Each individual prediction was fit, using ordinary least squares, with a fourth-order polynomial over the years 1950–2099. The raw predictions $X$ for each model $m$, scenario $s$ and year $t$ can be written as

$X_{m,s,t} = x_{m,s,t} + i_{m, s} + \epsilon_{m,s,t}$ $(1)$

where the reference temperature is denoted by $i$, the smooth fit is represented by $x$, and the residual (internal variability) is $\epsilon$. The reference temperatures used were the year 2000 (Fig. 3) and the mean of the years 1971 to 2000 (for all other analyses), both of which were estimated from the smooth fits.

Okay, forget about how the smooth fit was obtained. Hawkins and Sutton used an OLS-derived polynomial, but it could have been a Bayesian smoother or some other more elaborate model-based or model-free device (e.g., splines) which delivers a curve with vanishing high order time derivatives. What’s astonishing to me is that they explicitly identify the residual as internal variability. I thought internal variability was more complicated than that. I thought interval variability was something like the time integral of variance in climate if suddenly all forcings (boundary conditions) were held at constant values, integrating out to infinity. (The transition to constancy in the conditions can be smoothed, if you like, to impede “ringing” effects.) Apparently not.

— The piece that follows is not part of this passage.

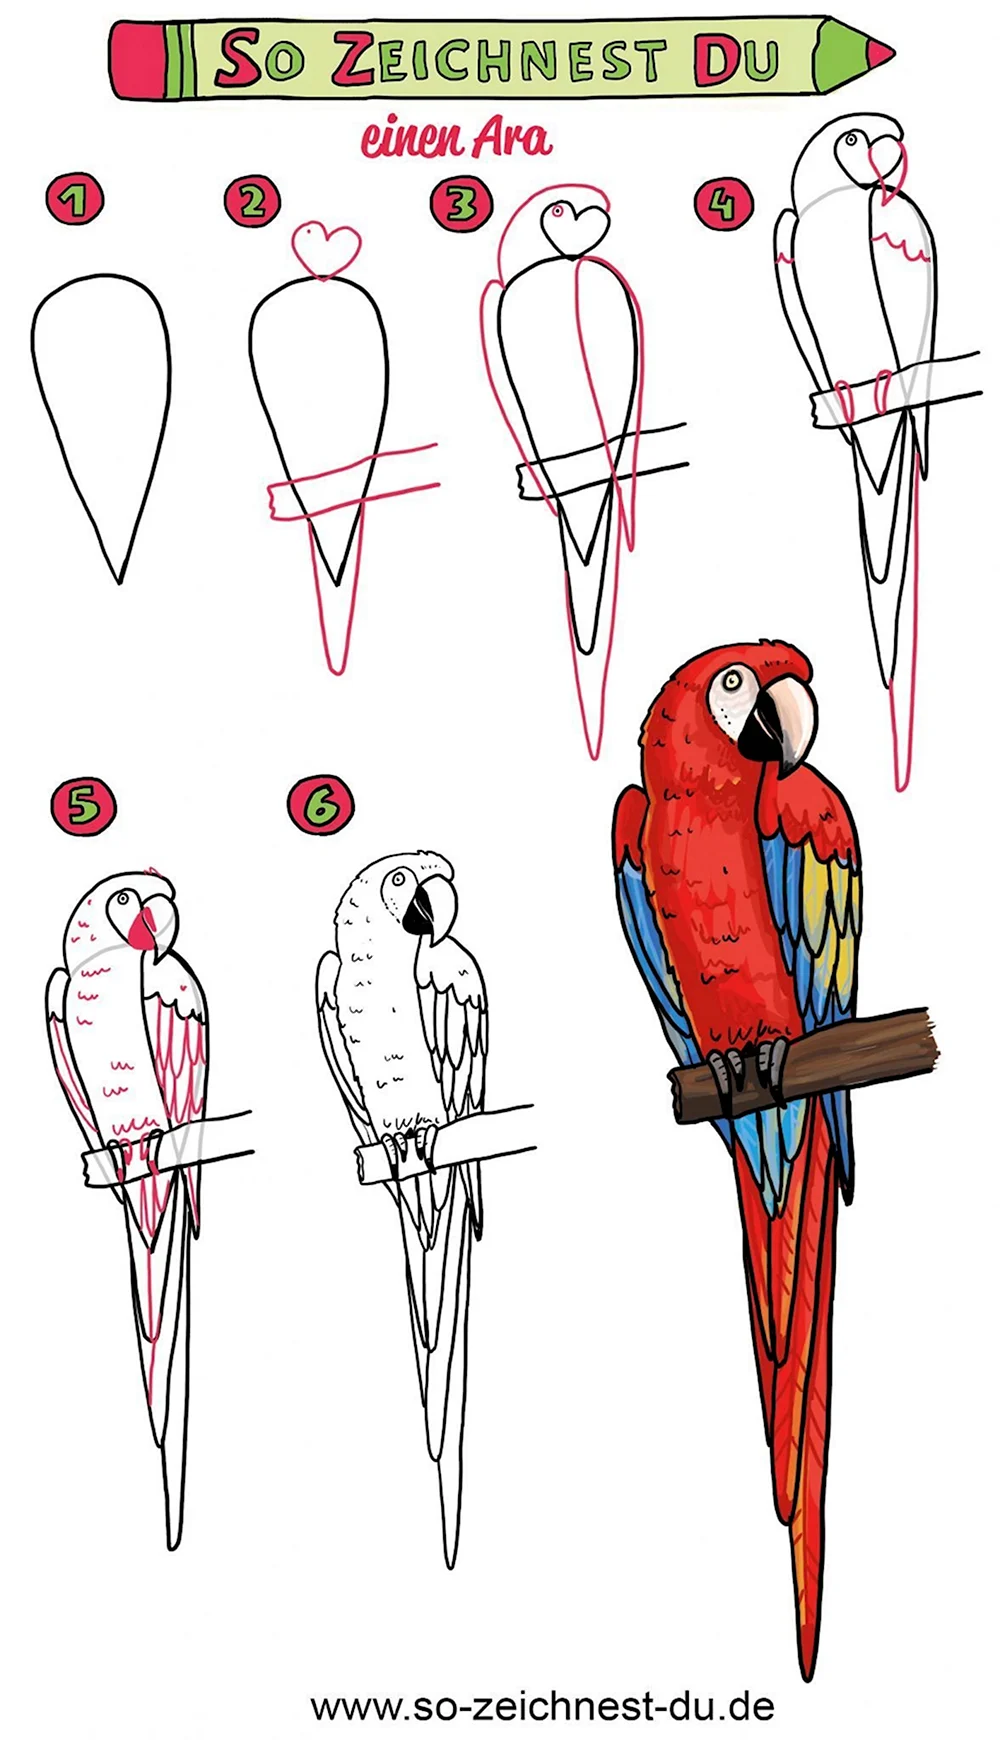 Как рисовать попугая

Now, if that were a model I had, I would be keenly interested in seeing what made up $\epsilon_{m,s,t}$ In particular, I’d like to further break it down into variance terms which were statistically independent of one another.

There’s nothing at all wrong with modeling things this way, even using a polynomial. But lumping things into an unexplored internal variability and leaving it at that seems, well, incomplete. Maybe there’s a good reason, like it’s already known what’s in $\epsilon_{m,s,t}$ and it’s been decided by the field to be uninteresting or not useful. Or maybe for some good reason $\epsilon_{m,s,t}$ really is the time derivative of the time integral of variance in climate if suddenly all forcings (boundary conditions) were held at constant values.

But I sure would like to know.

This entry was posted in cat1, citizen science, climate, climate education, forecasting, geophysics, mathematics, mathematics education, maths, meteorology, physics, rationality, reasonableness, science, statistics. Bookmark the permalink.

### 4 Responses to climate internal variability is just residual variance from modeling with a smooth curve?

1. jyyh says:

well I guess the residual should be more properly called ‘the variation unexplained by the fitting algorithm’, or some such, but this is something very frequently called natural variation f.e. in studies in ecology, so this might have translated to ‘internal variation in the earth system’. It’s pretty easy to fit a simple function to any series but then there are issues that require more attention, I guess. One climate related source of uncertainty that may begin to get an explanation would be here, http://www.climatecentral.org/news/corals-secrets-of-warming-18468 , but the study is in pretty initial stage still. And what would drive the decadal cycles over the planet, is also a mystery still. It’s not like many natural phenomena on earth follow a long cycle, so it’s rather curious why these look like existing.

2. Thanks much, jyyh.

Also found this article by Hartig, Calabrese, Reineking, Wiegand, and Huth (“Statistical inference for stochastic simulation models – theory and application”, Ecology Letters, 2011, 14: 816–827), which poses and solves a problem eerily similar to the one addressed in climate geophysics, and is identical to the one described by Simon Wood. I talked about that here.

Happy New Year!

3. jyyh says:

Happy New Year to you too!

Thanks of the Hartig article, I didn’t know the mathematical foundations of these methods are being solidified, previously every such experiment with models having multiple interdependent variables had to be checked individually for errors, making the review process really tedious, from what I gathered of the discussions between ecology doctors in Alma Mater. All a bit (or much) too difficult for me. I think I’ve heard of Simon Wood being this young brilliant guy some time in the 2000s, but since then I’ve not been much in contact with the academical world.